* Requirement: The listing, minus its pictures, is to be given again exactly.

* Information supplied:
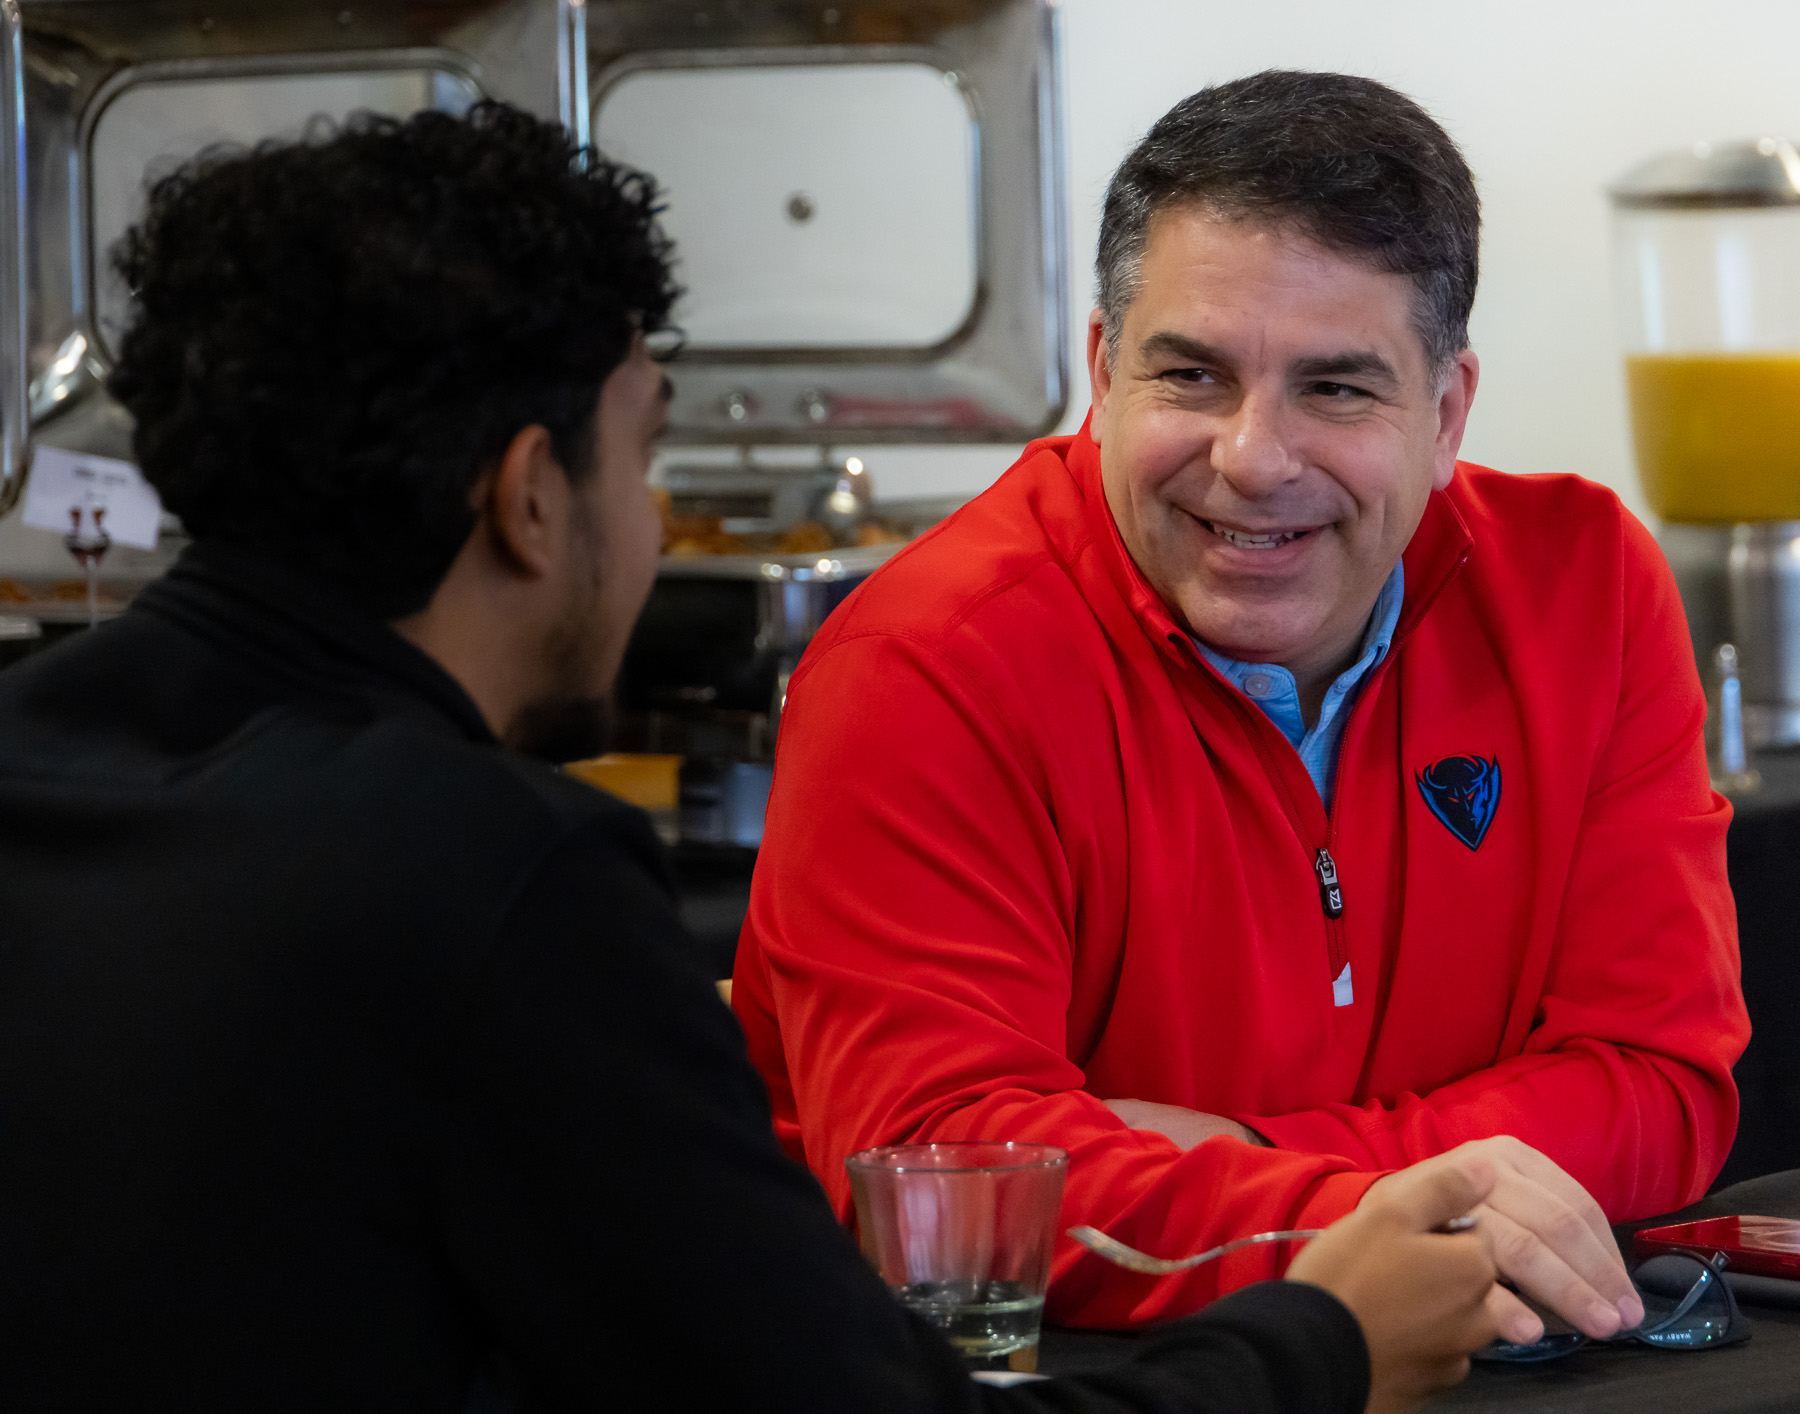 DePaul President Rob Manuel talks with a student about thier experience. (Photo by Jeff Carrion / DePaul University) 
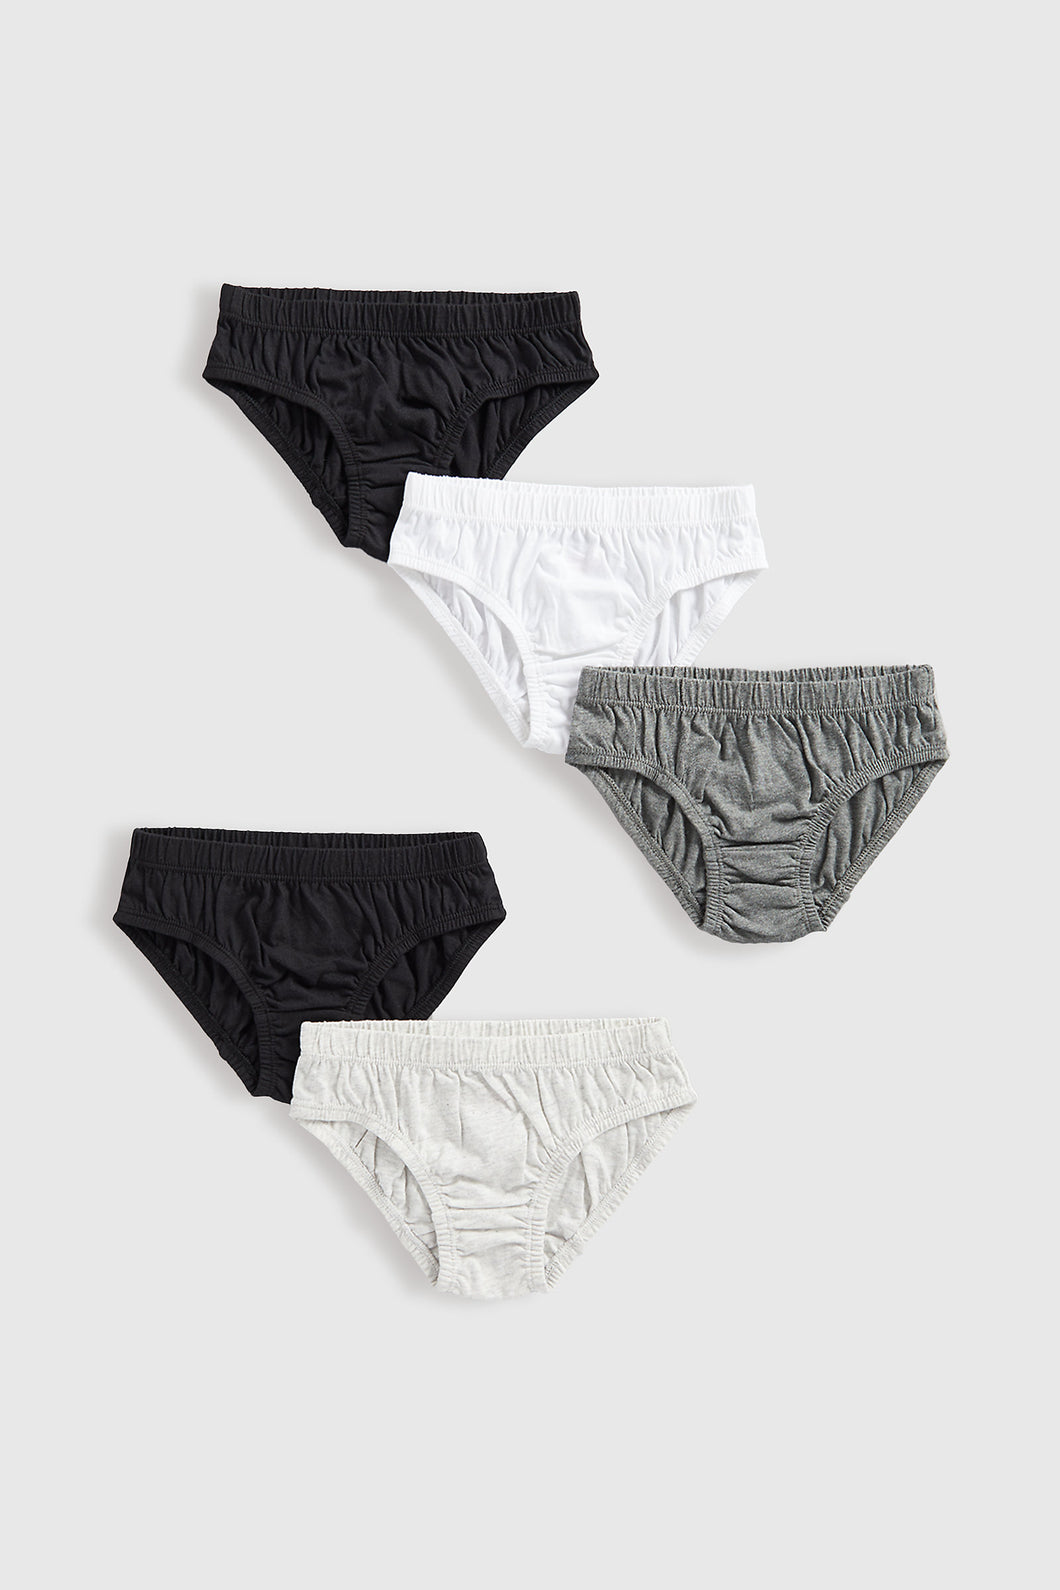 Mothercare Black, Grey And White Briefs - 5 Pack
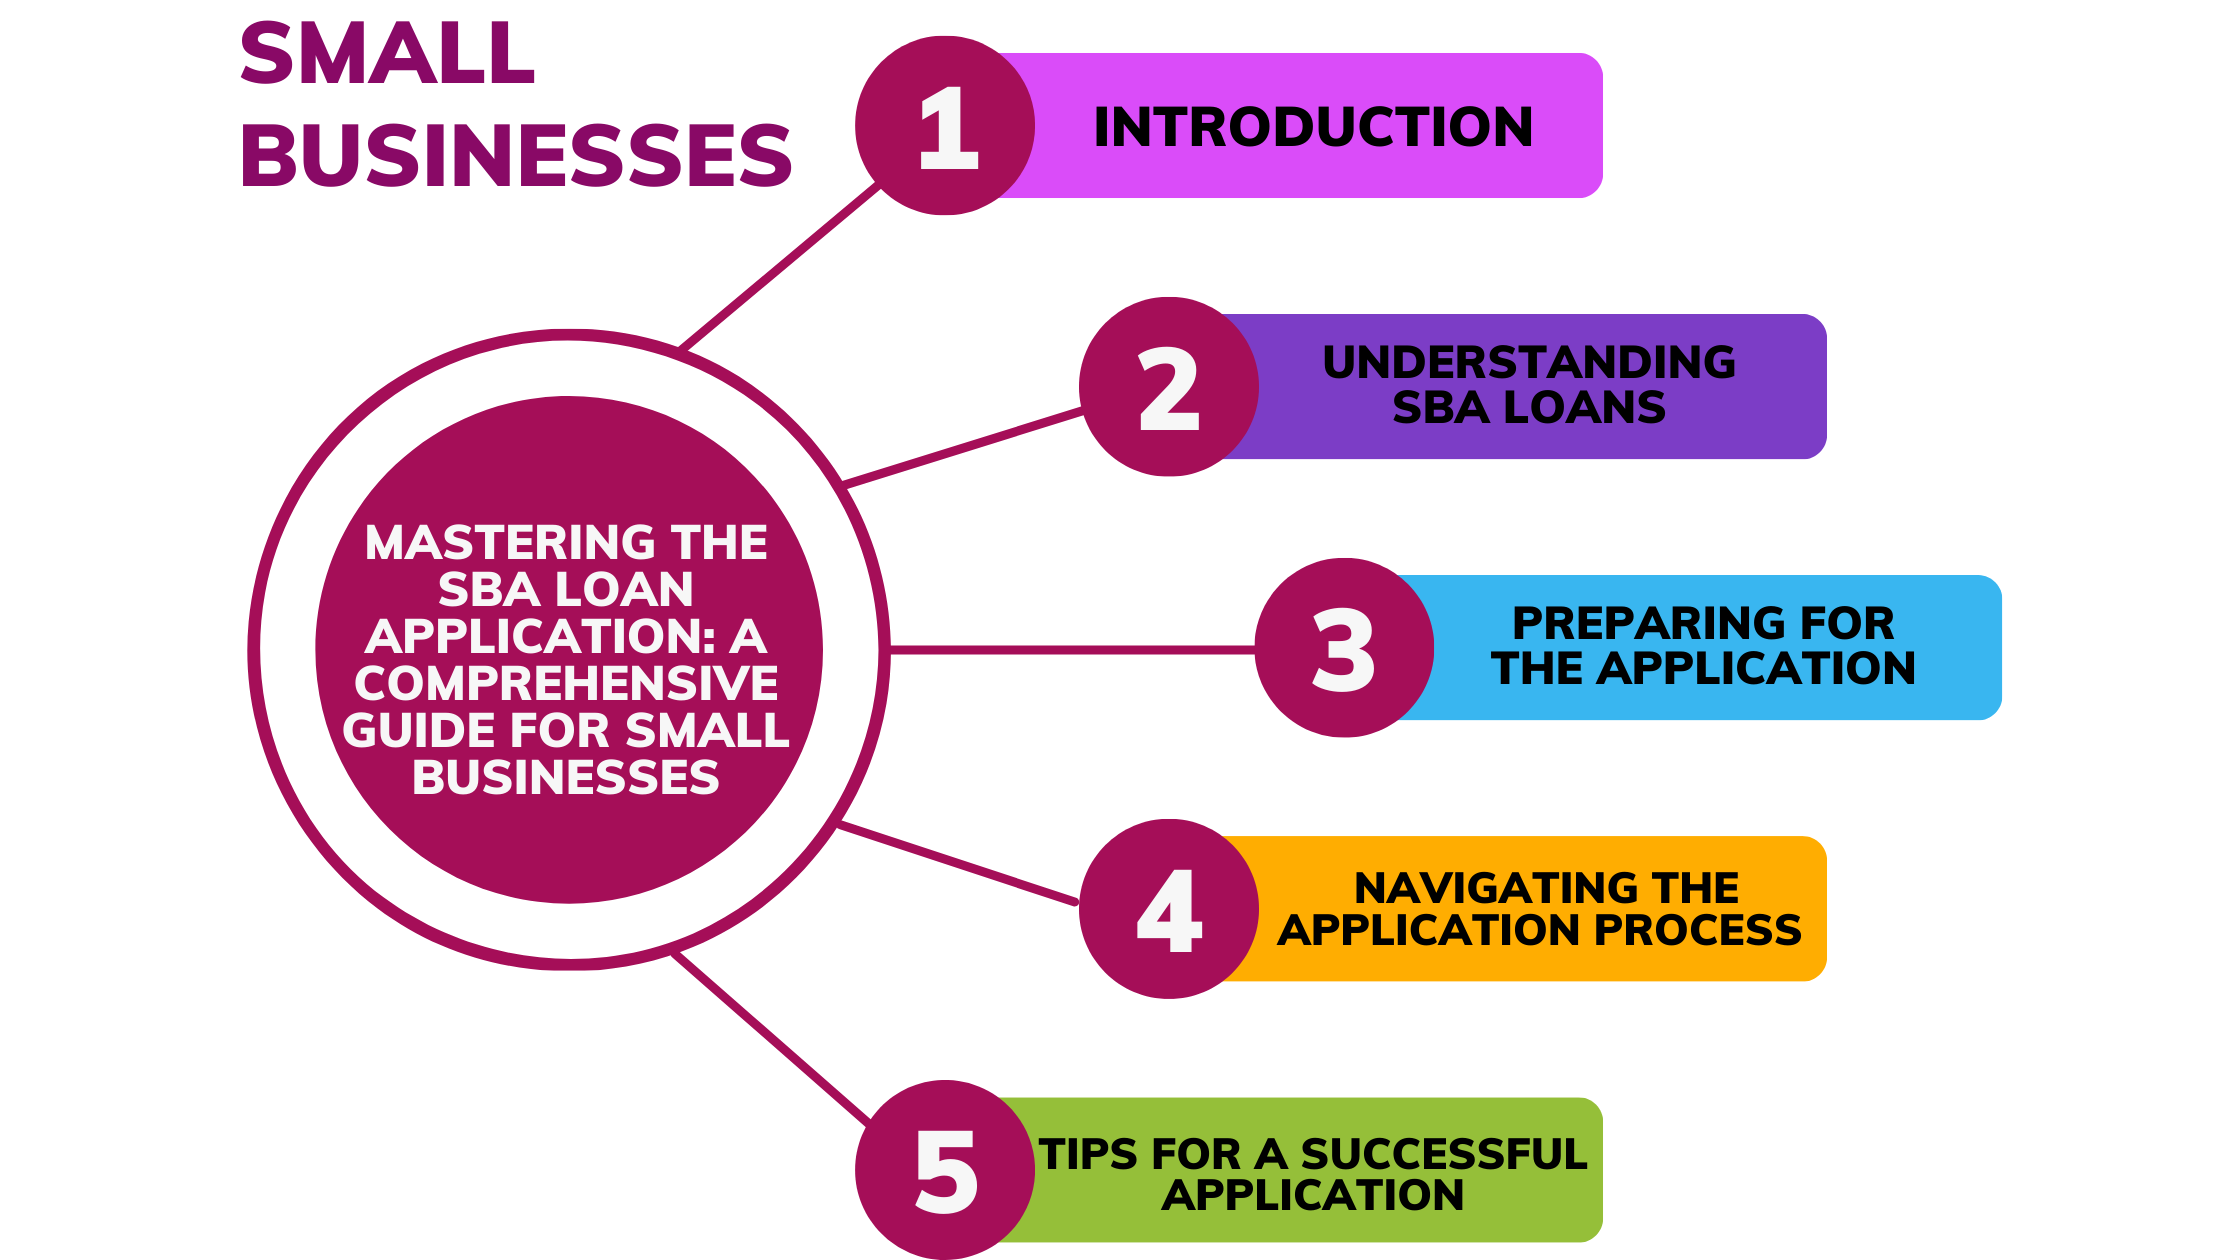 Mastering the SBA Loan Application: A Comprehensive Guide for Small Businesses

* Task output:
 DePaul President Rob Manuel talks with a student about thier experience. (Photo by Jeff Carrion / DePaul University) 
 Mothercare Black, Grey And White Briefs - 5 Pack
 Mastering the SBA Loan Application: A Comprehensive Guide for Small Businesses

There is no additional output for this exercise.